Lucena comemora aprovação de fim do Rol Taxativo pelo Senado

O Senado Federal aprovou nesta segunda-feira (29) o PL 2033/2022, da Câmara dos Deputados, que obriga a Agência Nacional de Saúde Suplementar (ANS) a adotar o rol exemplificativo como critério de oferta de serviços nos planos de saúde, e não mais o rol taxativo, estabelecido por decisão do Superior Tribunal de Justiça (STJ), em julho deste ano, que consiste em uma lista fechada de quais são os tratamentos oferecidos pelas operadoras.

“Foi uma vitória histórica das entidades que atuam em defesa da vida, dos cidadãos, das famílias brasileiras que sofrem para pagar seus planos de saúde em busca de atendimento amplo em saúde.

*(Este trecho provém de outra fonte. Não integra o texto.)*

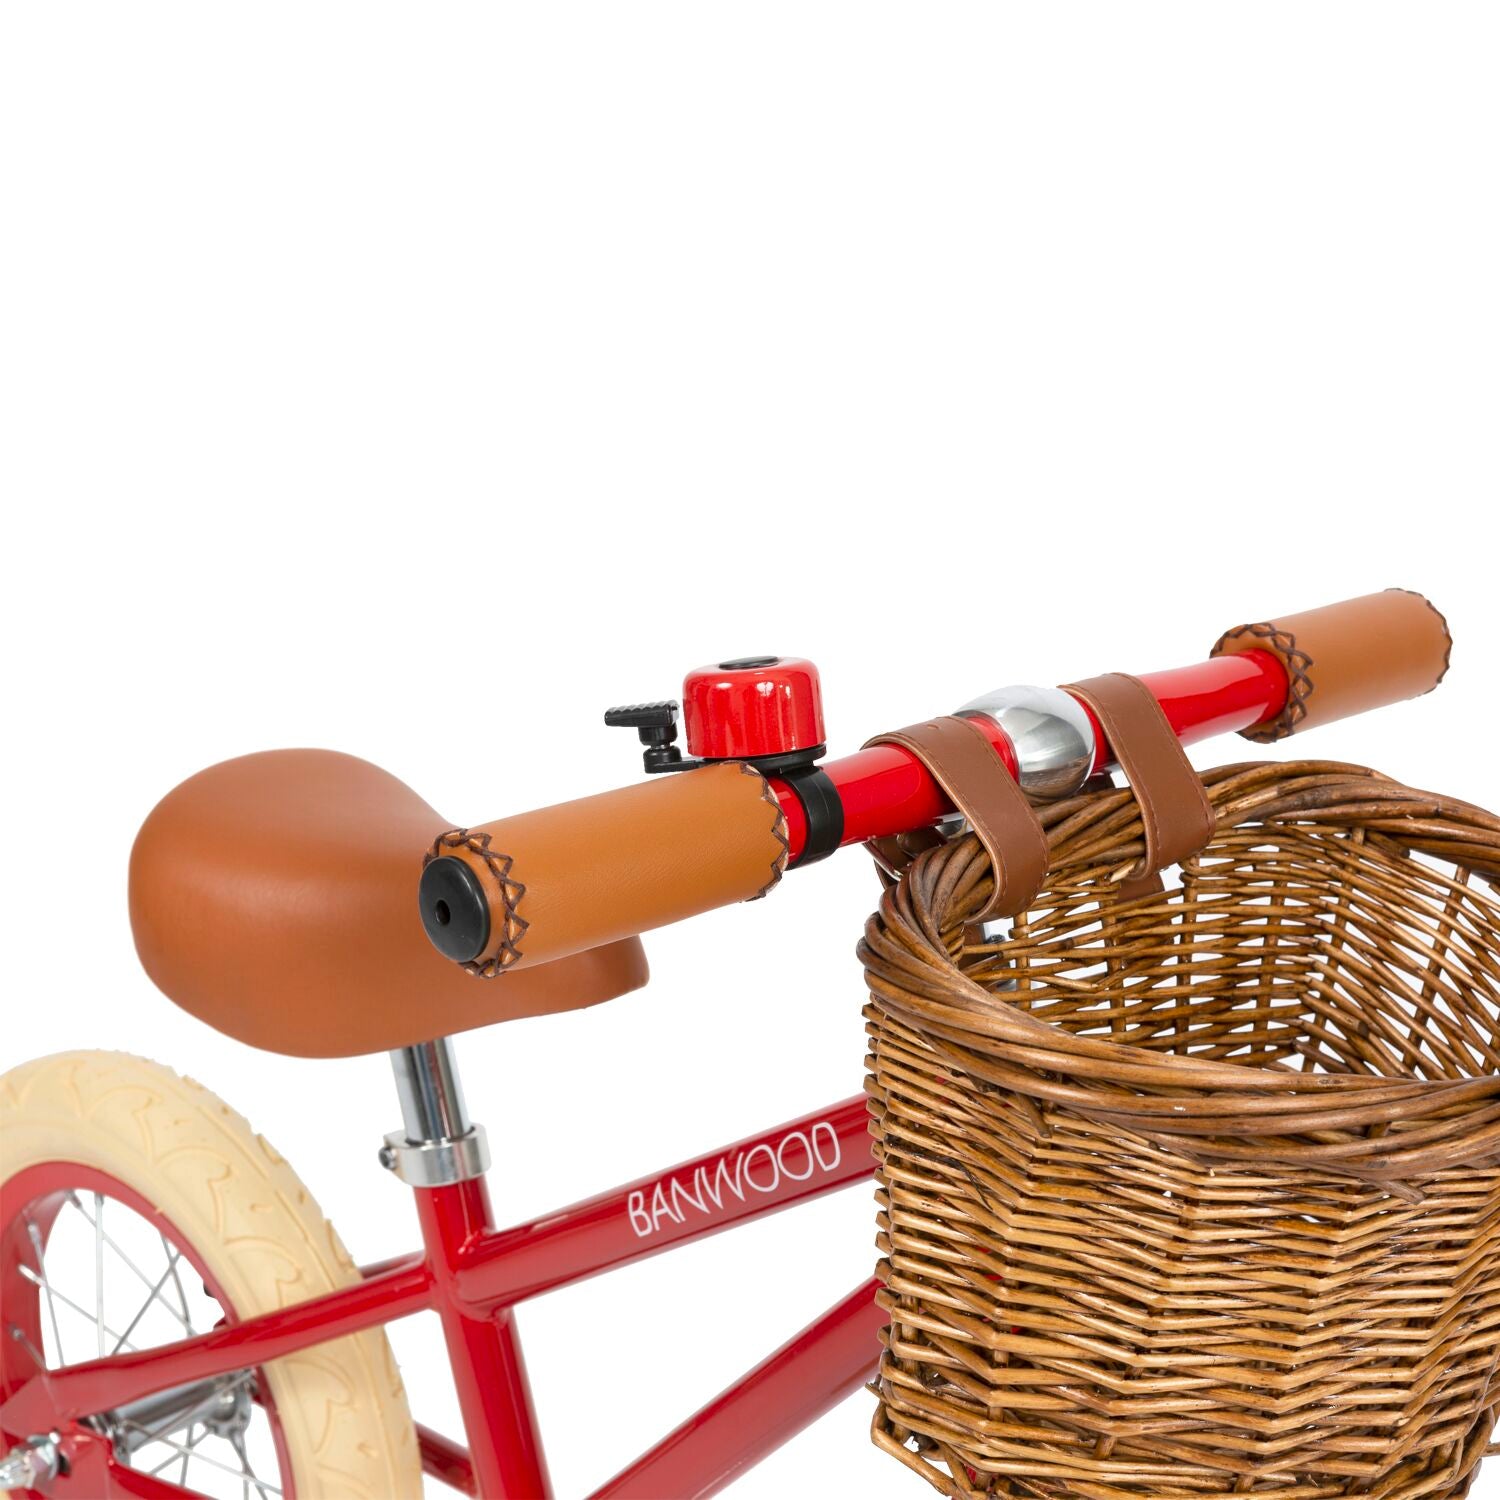 Banwood Red balance bike

Com essa decisão, o Congresso tranquiliza milhões de usuários de planos e garante que o Sistema Único de Saúde (SUS) não será sobrecarregado e continue a atender a população que precisa de saúde gratuita”, avalia o deputado federal Roberto de Lucena, autor do primeiro projeto de lei de 2022 que determinava o caráter exemplificativo do Rol, questionando a decisão do STJ.

“Nós já havíamos tido uma primeira vitória junto à ANS, quando solicitamos ao presidente da Agência que incluísse no rol os tratamentos e as terapias de diversas CIDs, entre elas transtornos de desenvolvimento como o autismo” explica Lucena.

O projeto da Câmara foi aprovado sem mudanças, com apoio unânime do Senado, seguindo para a sanção presidencial.

Rol exemplificativo: base ampla e atendimento a doenças raras

O rol exemplificativo é uma base mais ampla para a oferta de tratamentos, incluindo situações similares que não necessariamente estejam listadas. Com isso, pessoas com doenças raras, que exigem atenção diferenciada, passam a contar com amparo legal na busca por atendimento em seus planos.

Lucena ressaltou que “quem deve indicar o melhor tratamento para um paciente é o médico e esse tratamento deve ter cobertura pelos planos de saúde. O Rol deve ser apenas uma “referência básica” para a cobertura”.

Com a nova decisão, tratamentos fora da lista deverão ser aceitos, desde que cumpram uma das seguintes condições:

– Tenha eficácia comprovada cientificamente;

– Seja recomendado pela Comissão Nacional de Incorporação de Tecnologias no Sistema Único de Saúde (Conitec); ou

– Seja recomendado por pelo menos um órgão de avaliação de tecnologias em saúde com renome internacional.